You will need the following GCP roles to configure the different components of the integration:

  • Project IAM Admin
  • Role Administrator
  • Service Account Admin
  • Service Account Key Admin
roles/resourcemanager.projectIamAdmin
roles/iam.organizationRoleAdmin
roles/iam.serviceAccountAdmin
roles/iam.serviceAccountKeyAdmin

1. Create a custom role in BigQuery

Create a dedicated custom role in GCP (documentation):

  • In your GCP console, under IAM & Admin, go to Roles and create a new role for Sifflet
  • Grant the following permissions to the role:
bigquery.datasets.get
bigquery.jobs.create
bigquery.tables.get
bigquery.tables.getData
bigquery.tables.list
bigquery.jobs.listAll

🚧

Field-level lineage

The bigquery.jobs.listAll permission is required for our field-level lineage feature to function correctly.

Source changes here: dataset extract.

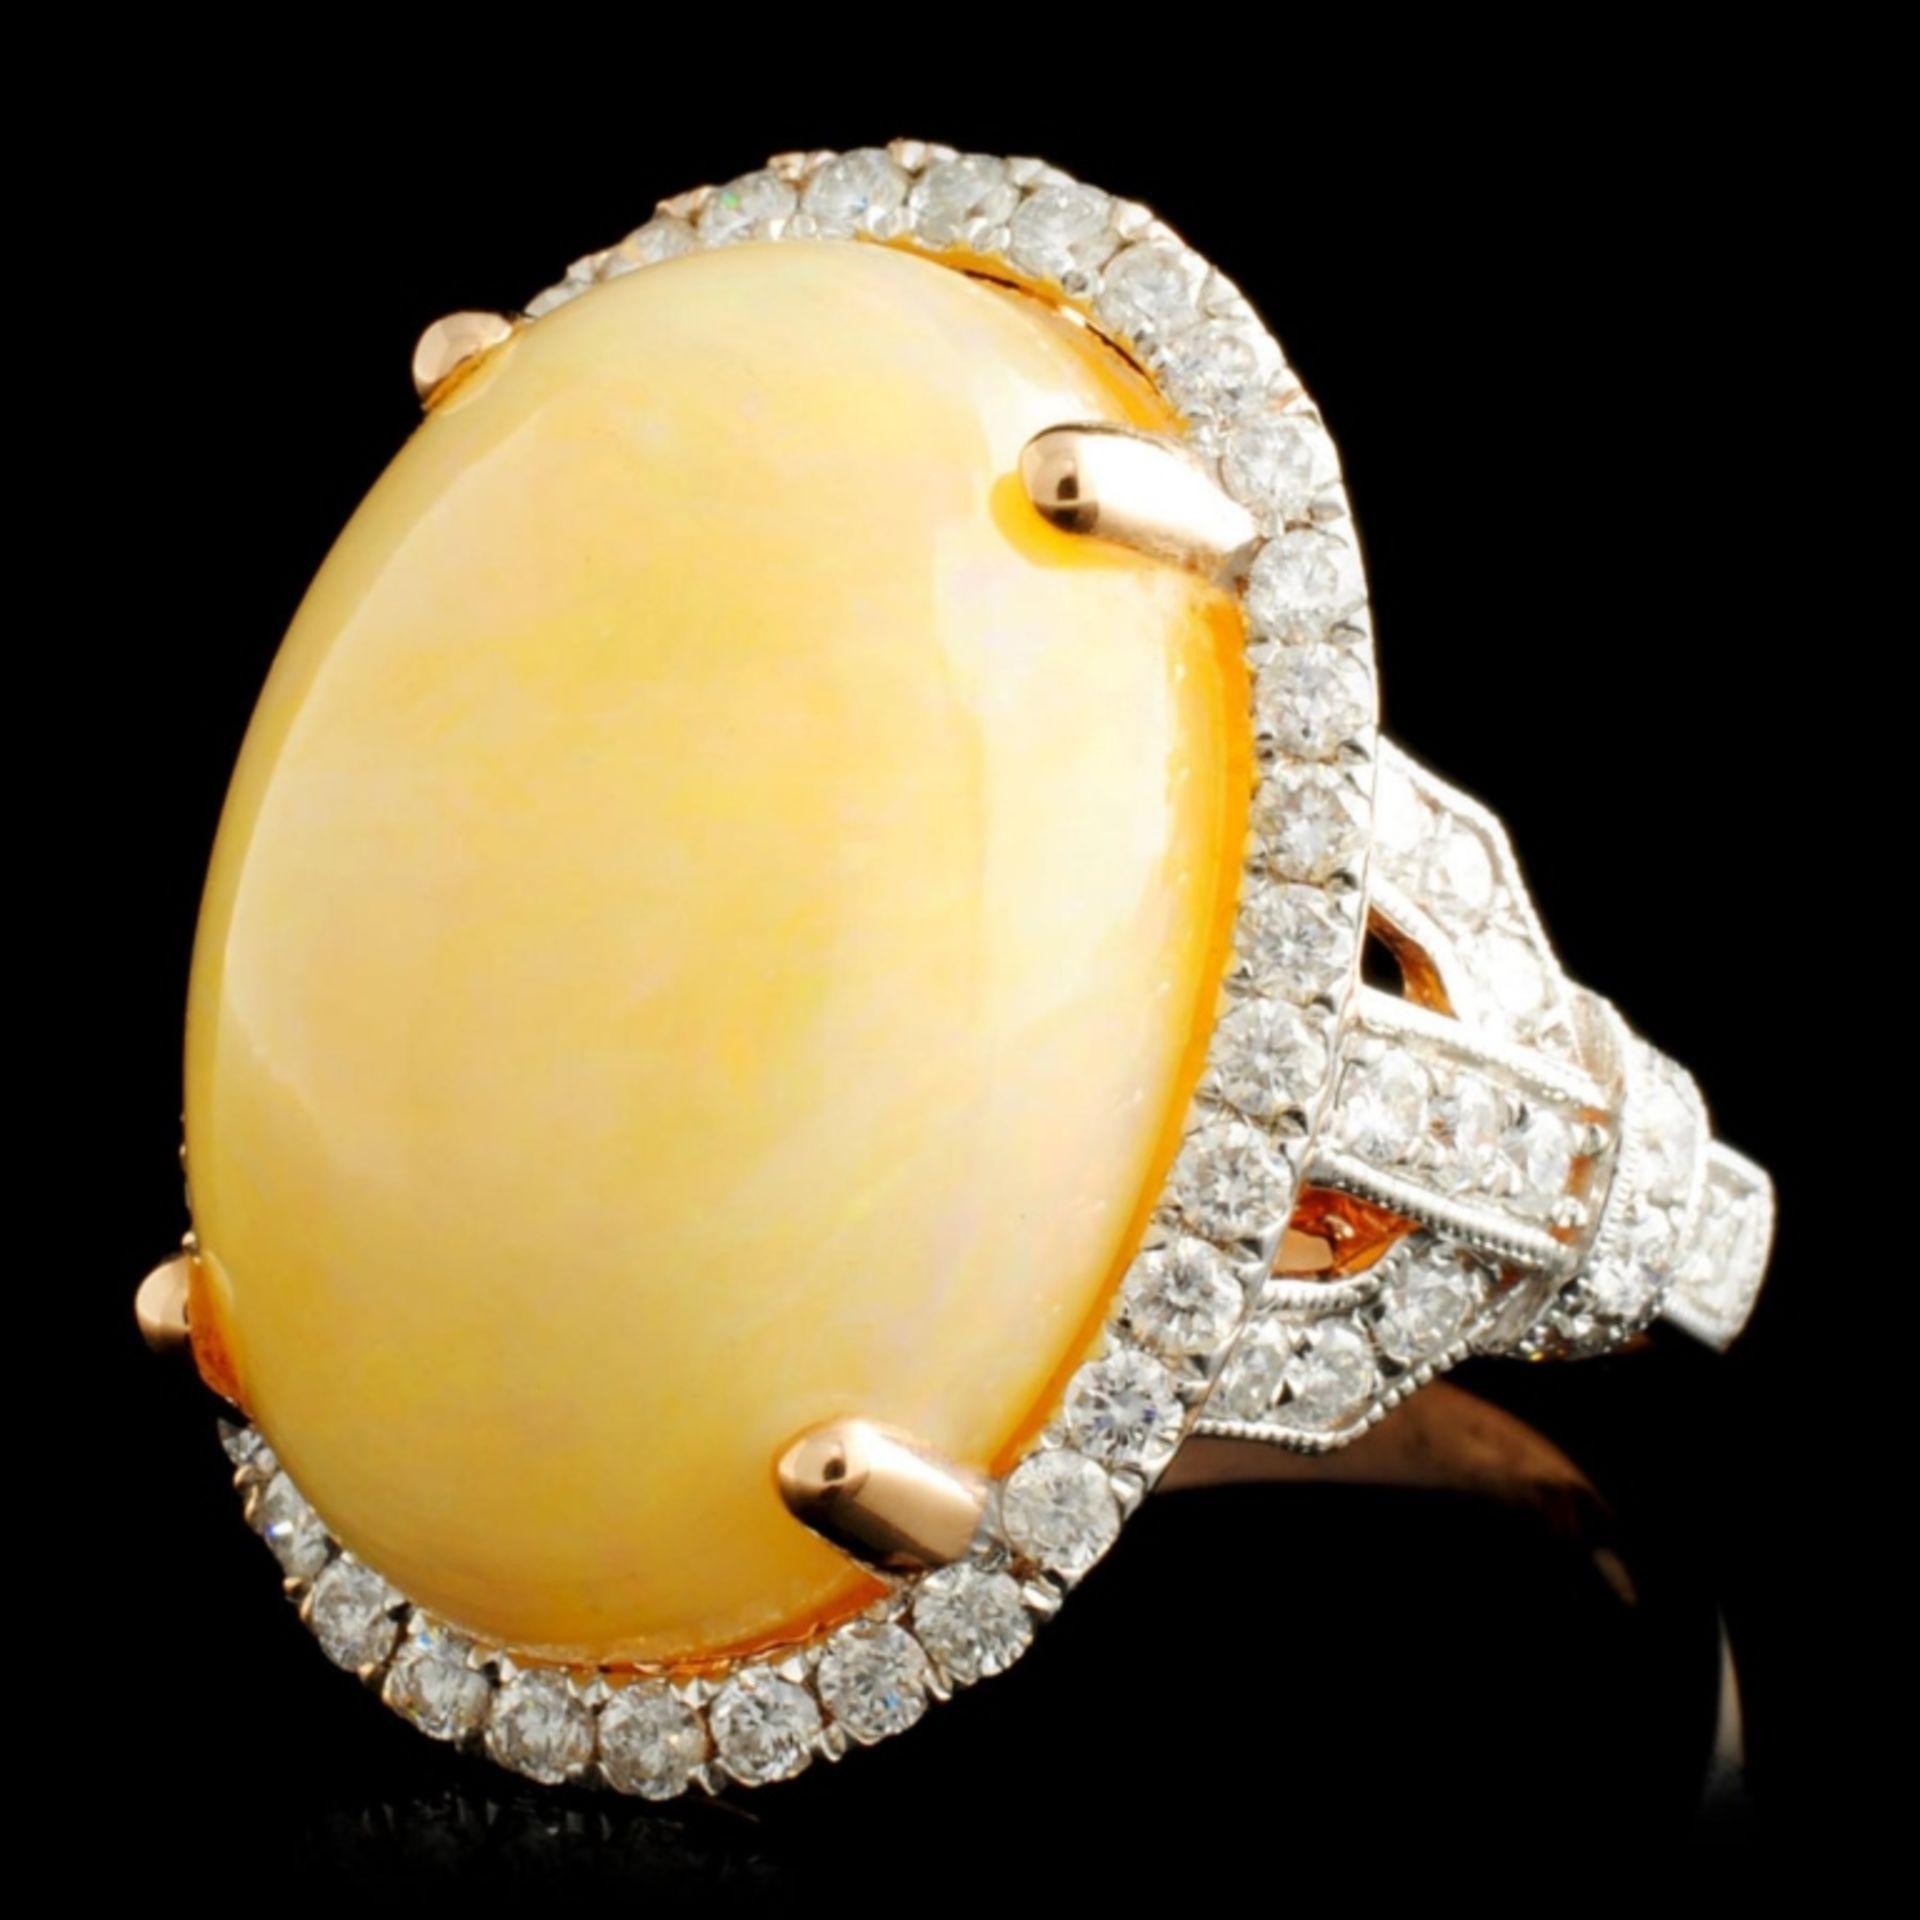 14K Gold 12.04ct Opal & 1.06ctw Diamond Ring - Image 2 of 5

List of permissions that need to be granted to the role

List of permissions that need to be granted to the role

📘

BigQuery lineage

Sifflet can retrieve the lineage information directly computed by BigQuery. To enable this, you will need to:

  • Enable the following APIs in your GCP project: data catalog, BigQuery, and data lineage (documentation)
  • Grant the Sifflet service account the following roles (documentation): roles/datacatalog.viewer, roles/datalineage.viewer, and roles/bigquery.dataViewer
    OR the below permissions:
    datalineage.events.get
    datalineage.events.list
    datalineage.locations.searchLinks
    datalineage.processes.get
    datalineage.processes.list
    datalineage.runs.get
    datalineage.runs.list
    

2. Create a service account

Create a new service account (documentation) and assign it the role created in the previous step:

  • Under IAM & Admin, go to Service Accounts and create a dedicated service account
  • Select the role you previously created (in the below example, you can find it in Custom section as SiffletRole)
  • You can skip the step "Grant users access to this service account"
Creating the service account

Creating the service account

Assigning the custom role to the service account

Assigning the custom role to the service account

  • Once created, select the service account and choose Manage Keys under "Actions":
Accessing the key management page

Accessing the key management page

  • You can then create a new key via the following path: Add Key -> Create new key -> JSON format
Creating a new key for the service account

Creating a new key for the service account

  • Save the JSON file since you'll need to upload it to Sifflet

3. Create a new source in Sifflet

To connect BigQuery to Sifflet, you will need two items:

  • The connection details: your Project ID and Dataset
  • The credential: the JSON key file previously saved

Create the credential

To add the JSON key file to Sifflet, please follow the below steps:

  • Navigate to the "Credentials" page (you can find it in the side panel by selecting "Integrations" and then "Credentials") and then click on "New credential".
  • In the "Credential" area, copy-paste the same content present in the JSON key file.

Create the source

  • Navigate to the "Sources" page (you can find it in the side panel by selecting "Integrations" and then "Sources") and then click on the "New source" button.
  • Fill out the necessary information collected above. The Billing Project ID is an optional parameter allowing you to direct Sifflet's query costs to a specific BigQuery project.
The mandatory parameters to create a BigQuery source

The mandatory parameters to create a BigQuery source

  • By default, Sifflet refreshes BigQuery metadata once per day. However you can use the frequency parameter to pick a different refresh schedule if required.

FAQ

BigQuery external tables

I have external tables on BigQuery, how does Sifflet handle them?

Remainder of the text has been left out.